The solution we shipped: JIT (Just-In-Time) Context Hydration — documented in docs/jit-hydration.md.

The pattern flips responsibility: the environment resolves the genome entry for the file being edited and injects it directly into the system prompt before inference runs. The agent receives the constraint pre-loaded; it doesn't need to earn it through sequential tool calls.

Three integration patterns, in order of recommended adoption:

  1. MCP tool — expose aigx-lint --resolve <path> as an MCP tool; the IDE calls it automatically when the agent opens a file. Works with Claude Code, Cursor, any MCP-capable runtime.
  2. Pre-prompt injection — for CLI wrappers and CI pipelines: resolve the boundary before constructing the LLM request, splice it into the system prompt. Zero agent cooperation required.
  3. Editor extension — planned VS Code extension (see roadmap) handles this natively.

The core primitive — python tools/aigx-lint/aigx_lint.py --resolve src/foo.ts — returns the single <file> entry in O(1). The agent addendum approach (§4) remains valid and simpler; JIT is for teams who confirm their agent skips reads under pressure.
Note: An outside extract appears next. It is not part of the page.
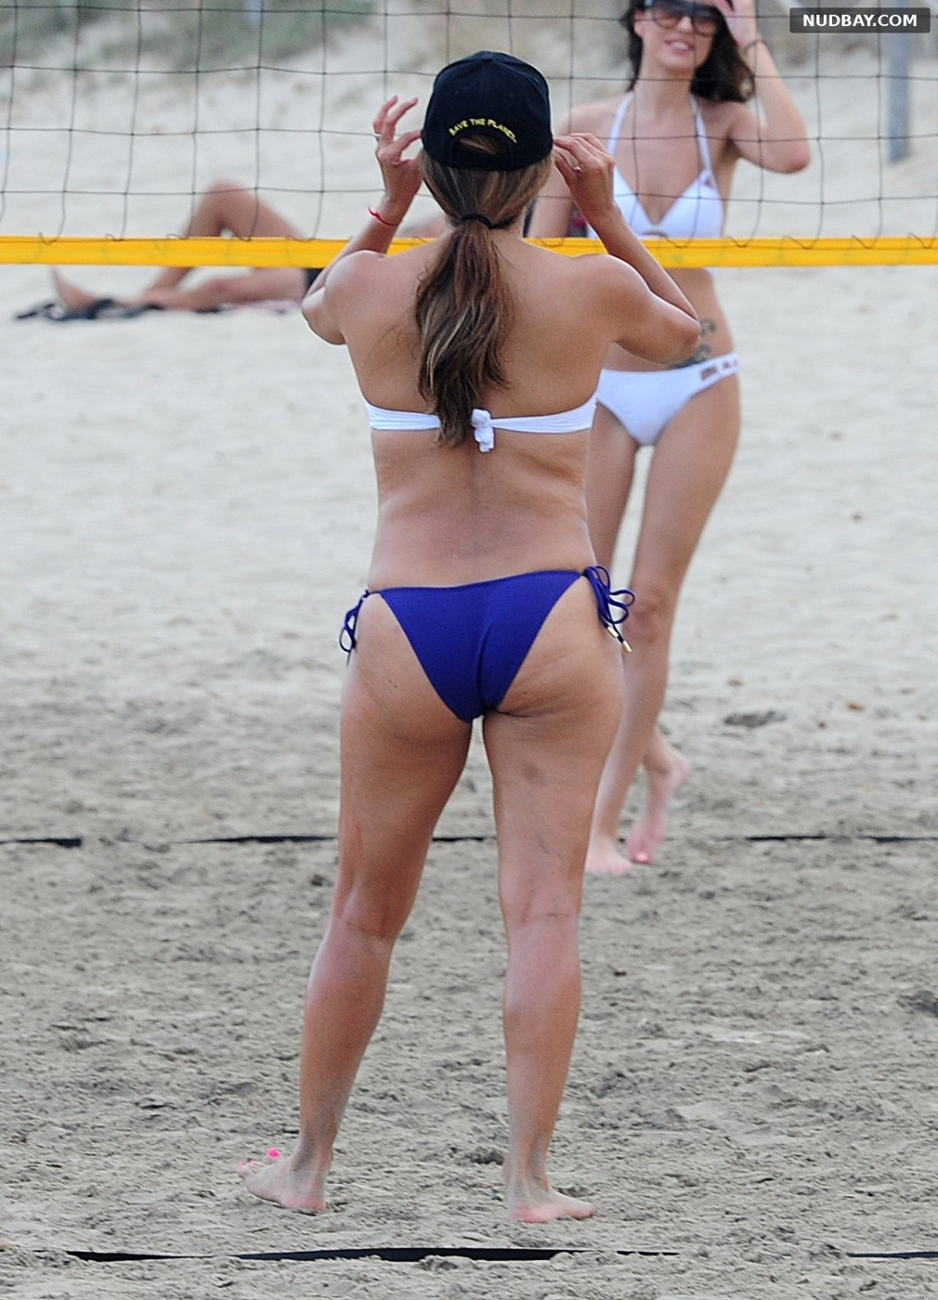 Eva Longoria Ass wears a bikini as she plays some beach volleyball in Ibiza Jul 21 2017

6.4 Agent self-maintenance — "agents don't know they should update the genome"

Objection (implied by the above): Even if the genome is set up correctly, an agent editing the codebase has no instruction to keep the genome current. It will rename files without updating files.aigx, add new boundary files without adding entries, and let rule text drift from reality.

The solution we shipped: agent.aigx — a rule file for the agent itself.

Seven AGENT-* rules that tell an AI agent how to be a genome steward:

  • Read the <file> entry before editing any file (AGENT-read-before-edit)
  • Update files.aigx in the same change-set as a rename (AGENT-sync-on-rename)
  • Add an entry for new boundary files (AGENT-add-new-entry)
  • Never rename or delete a rule id (AGENT-stable-ids)
  • Update rule text when code changes make it wrong (AGENT-update-rule-text)
  • Verify paths and ids after task completion (AGENT-verify-after-task)
  • No speculative entries or rules (AGENT-no-bloat)

create-aigx scaffolds this file automatically. For existing genomes: copy templates/starter/.aigx/agent.aigx into your .aigx/ folder, then add a reference to it in your agent addendum line.